Круг. Часть - 12

Александр Краснослободский
               


                Часть – XII.

                (О богах, играх и ...лаврах)






                Амфитеатр Помпей размерами меньше римского и не имеет подземных лабиринтов, но за тыльной стеною здания был свой тренировочный Домус с площадкой для поединков на деревянных мечах. В сей час Домус полон римскими гладиаторами, а площадка занята воинами, выступающими за Помпеи. Со слов свободного рудиария, тренера "троянцев" – помпейских гладиаторов, в бою за крепость будет выступать сам Циклоп!

                Обычно одноглазый гигант был в отряде фракийцев, он отличался от всех тем, что выступал без шлема. У него был большой щит, и вместо меча он бился короткой, с широким лезвием – тяжелой алебардой. Вся Помпея была свидетелем того, как Циклоп, обладавший бешеной физической силой, в одном бою разрубил три щита, а одного гладиатора под смех публики прихватил за ноги, раскрутил и забросил на скамью первого ряда. Это там, где сидели почтенные горожане, на высоту в десять локтей. Зная о его силе и свирепости, горожане, улыбаясь, спорили на то, что сегодня Циклопом будет убито не меньше пяти римских воинов. Падение Трои - в трагедии Еврипида «Елена»! На песке местного амфитеатра она ставилось больше сотни раз, но такого размаха в Помпеях еще не видели.

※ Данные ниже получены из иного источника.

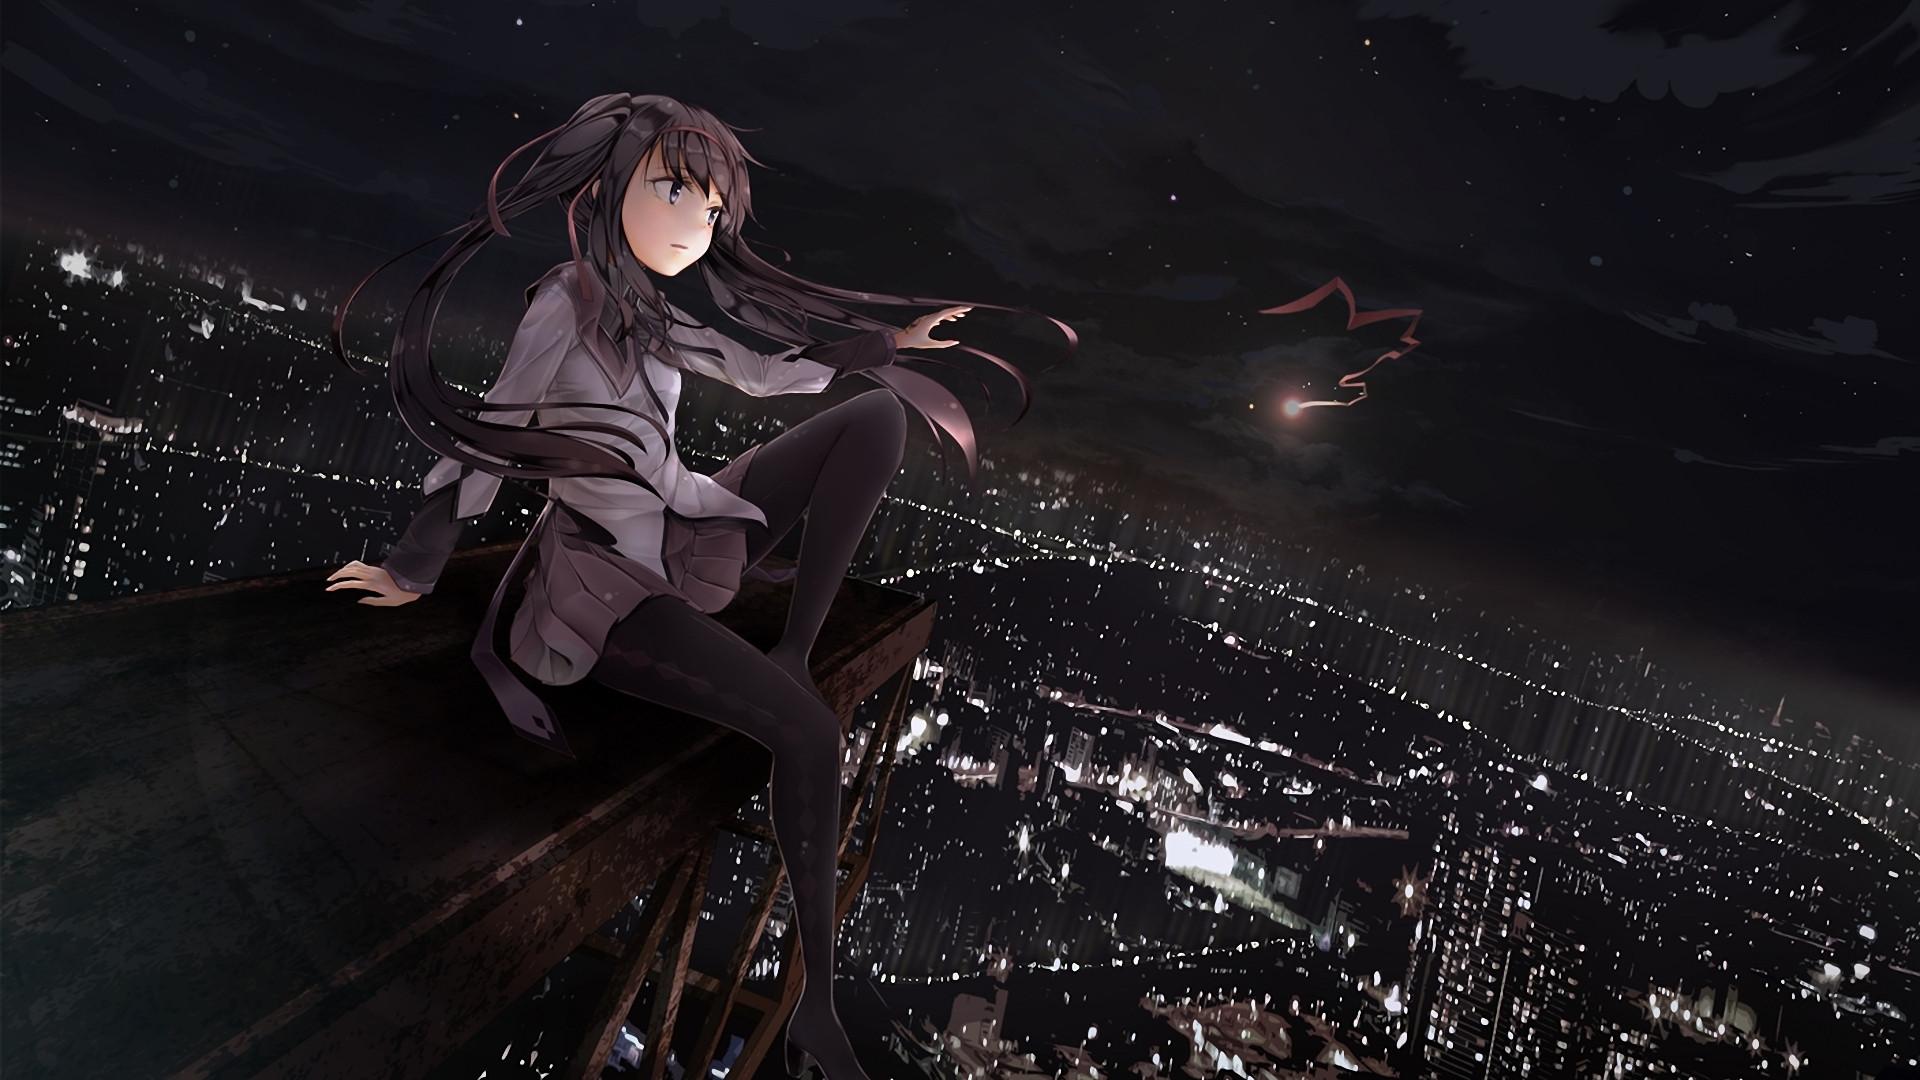 Puella magi madoka magica full hd wallpaper and background - Anime wallpaper black background ...

                Если верить афише, висевшей на постаменте статуи Геракла, что на площади у Форума, по условиям игрищ на каждой стороне будут по два десятка ретиарий с сетями и трезубцами, столько же секуторов с рыбьими шлемами, щитами и короткими мечами. По четыре десятка провокаторов с мечами, щитами, манниками и в поножах, как у секуторов, но на шлемах провокаторов перья будут рогами в разные стороны. По восемь десятков от каждой стороны – мурмиллонов и гопломахов. По пять десятков фракийцев с кривыми мечами и с перьями на глухих шлемах. Разрешено участие по десятку рудиарий. Последние были тренерами и освобожденными гладиаторами. Они следили за «войском», направляли его. Если вступали в бой, то не насмерть.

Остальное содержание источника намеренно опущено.